▶ [INSTRUCTIONS TO FOLLOW] Every line from the one with "Book Salon Certificate" through the end of the material below, both ends included, should be transcribed exactly, without pictures.
SUPPLIED MATERIAL: Begin
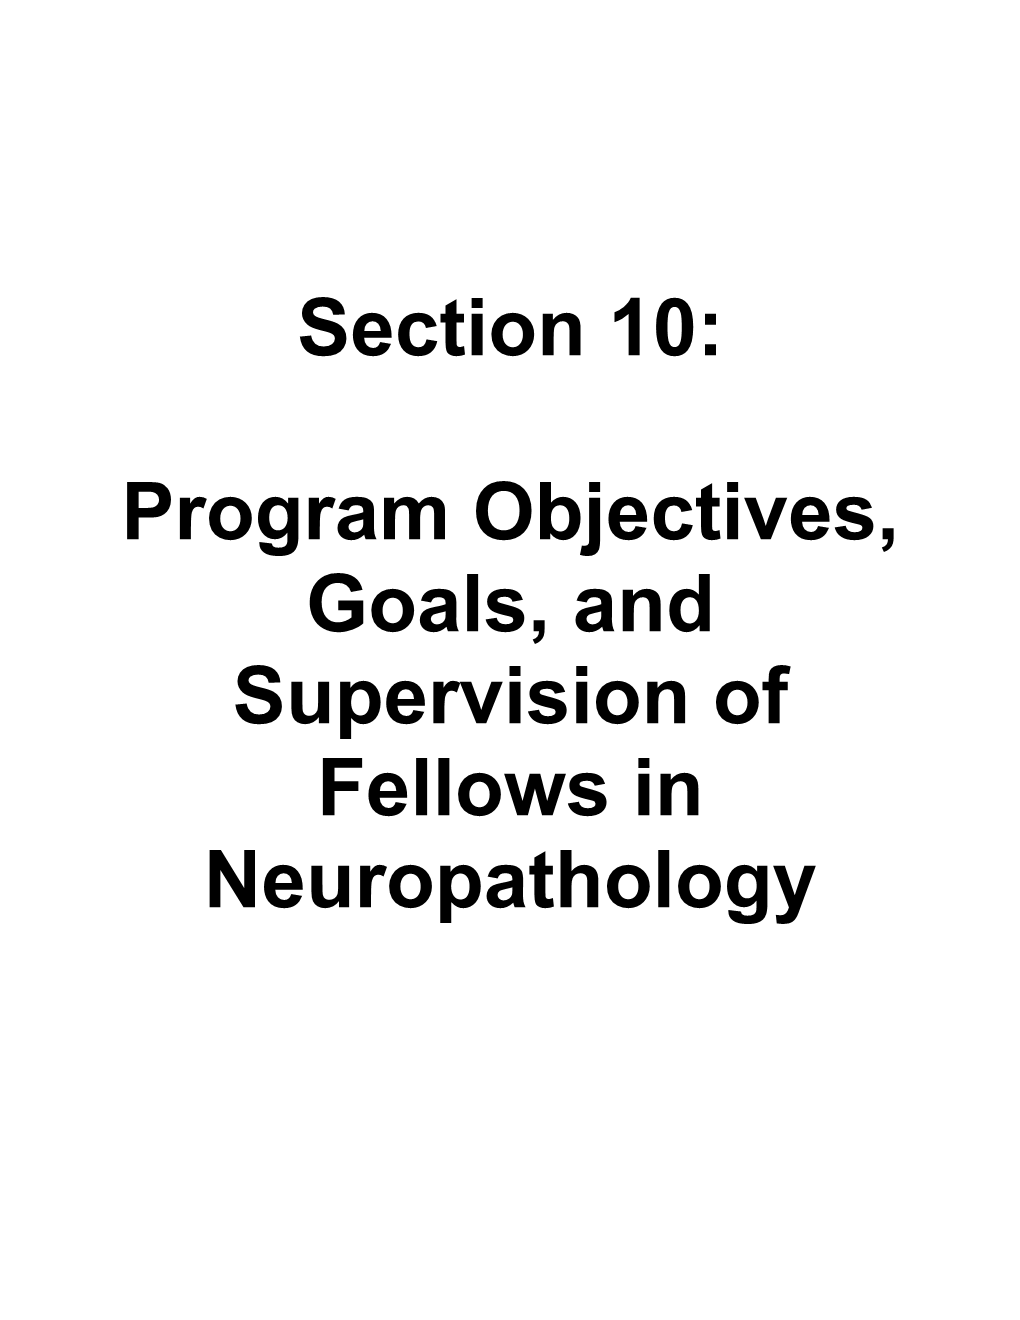 Program Objectives for Neuropathology Fellowship
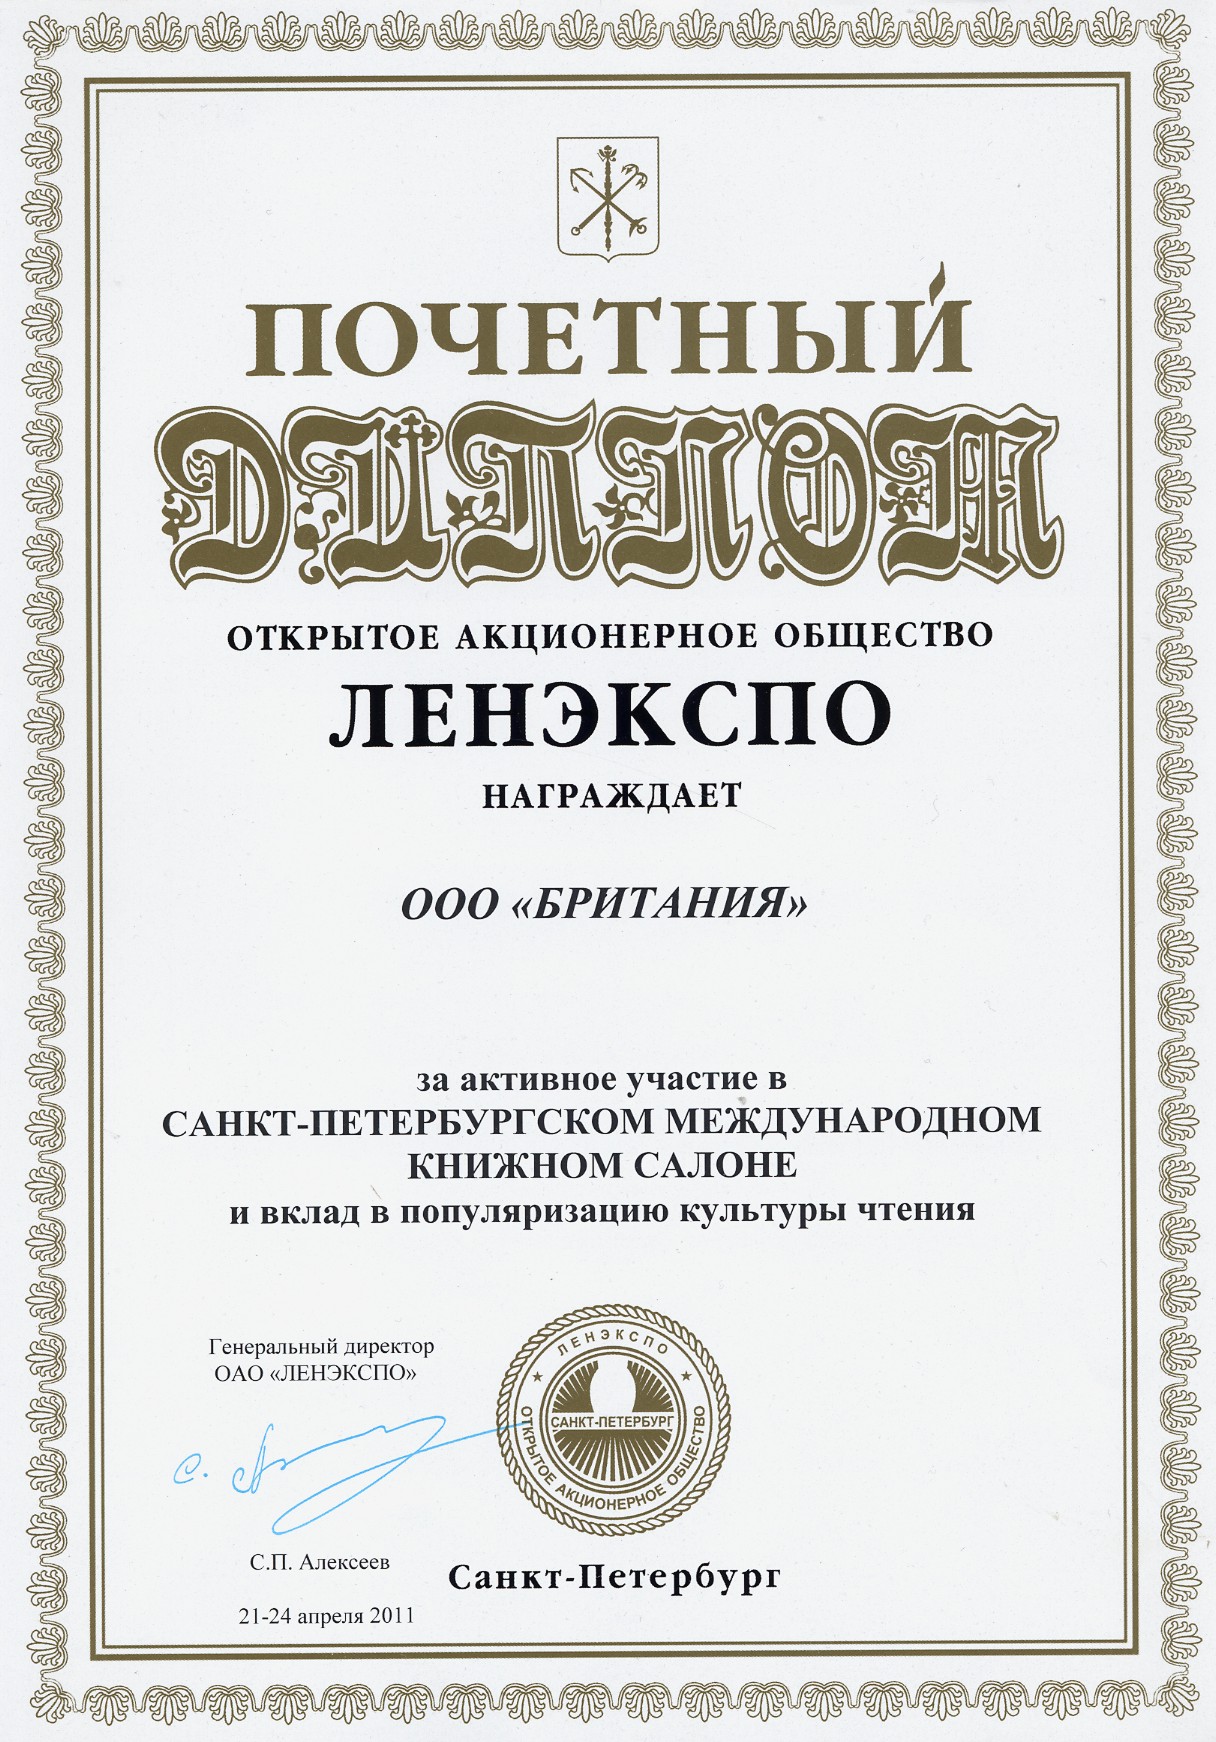 Book Salon Certificate
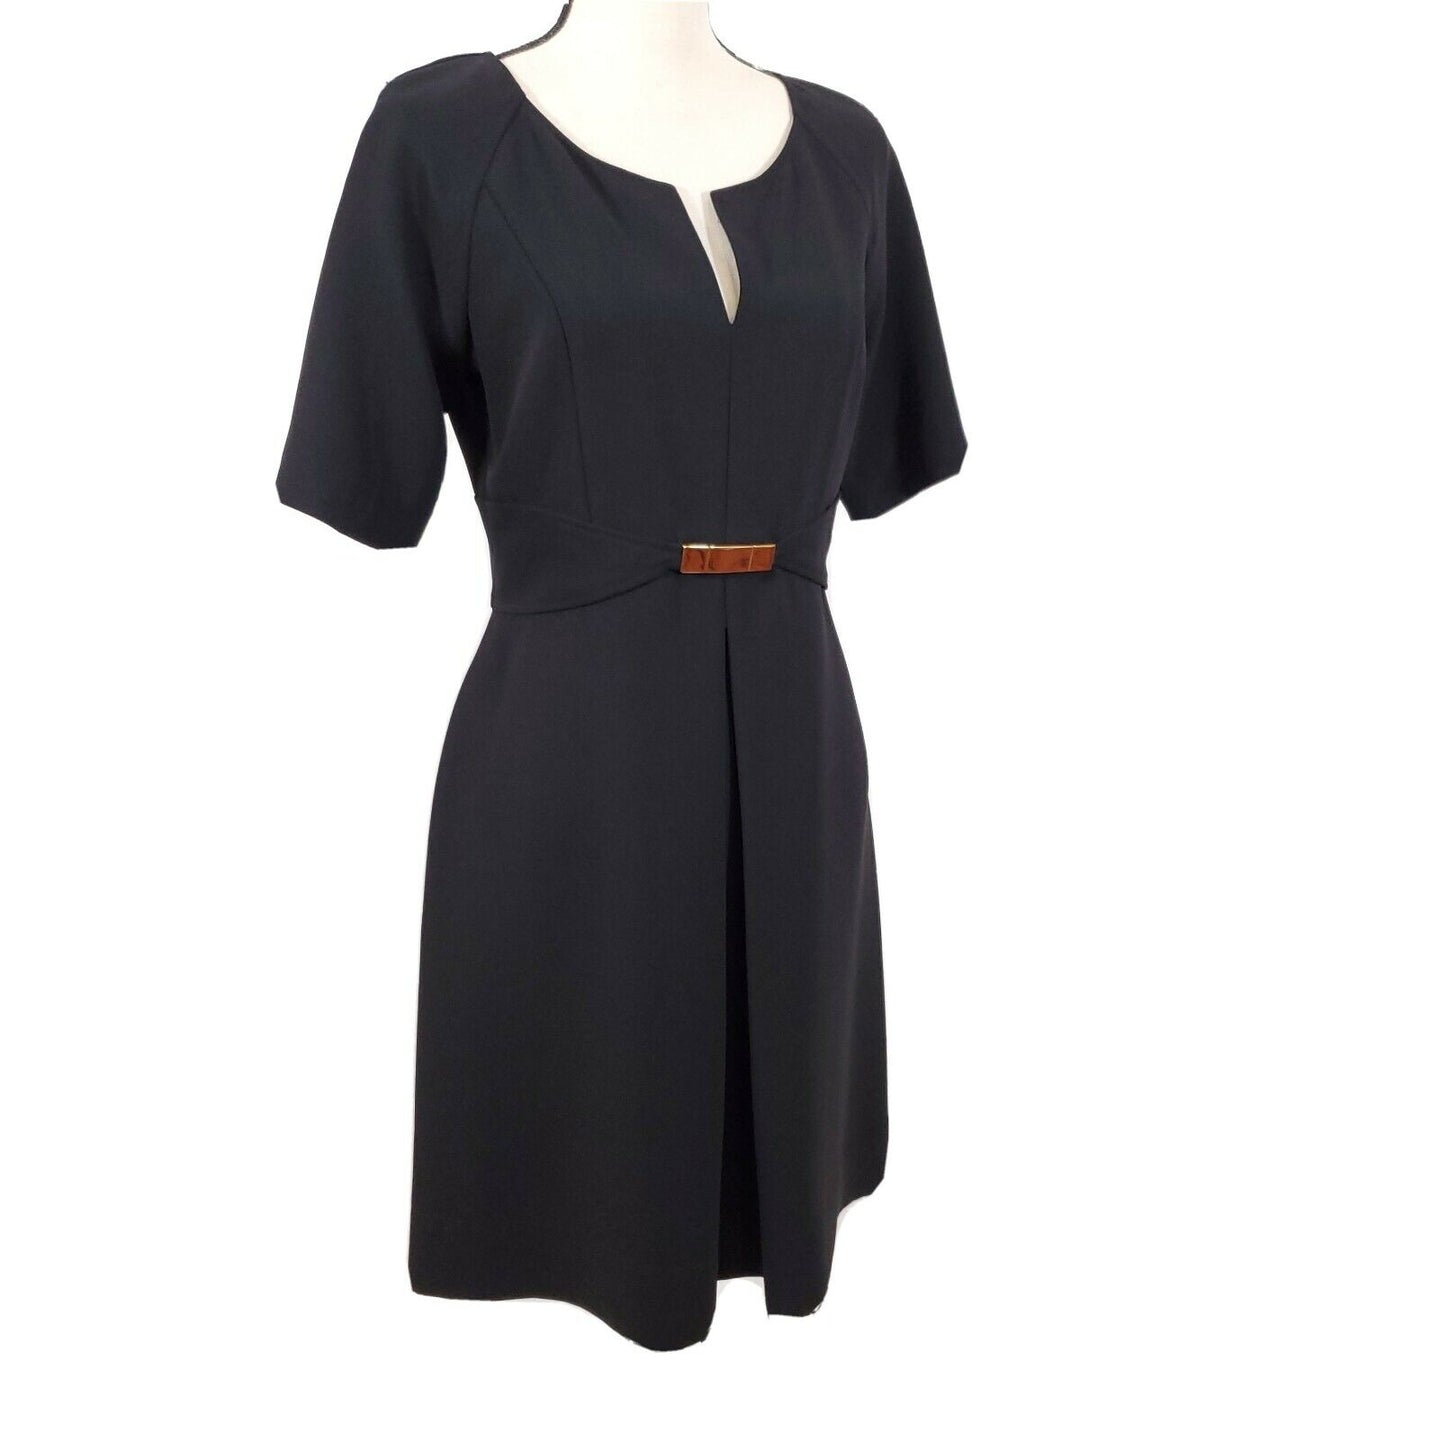 Ellen Tracy Short Sleeve Little Black Dress Size 8
SUPPLIED MATERIAL: End
▶ [ANSWER BELOW]
 Book Salon Certificate
 Ellen Tracy Short Sleeve Little Black Dress Size 8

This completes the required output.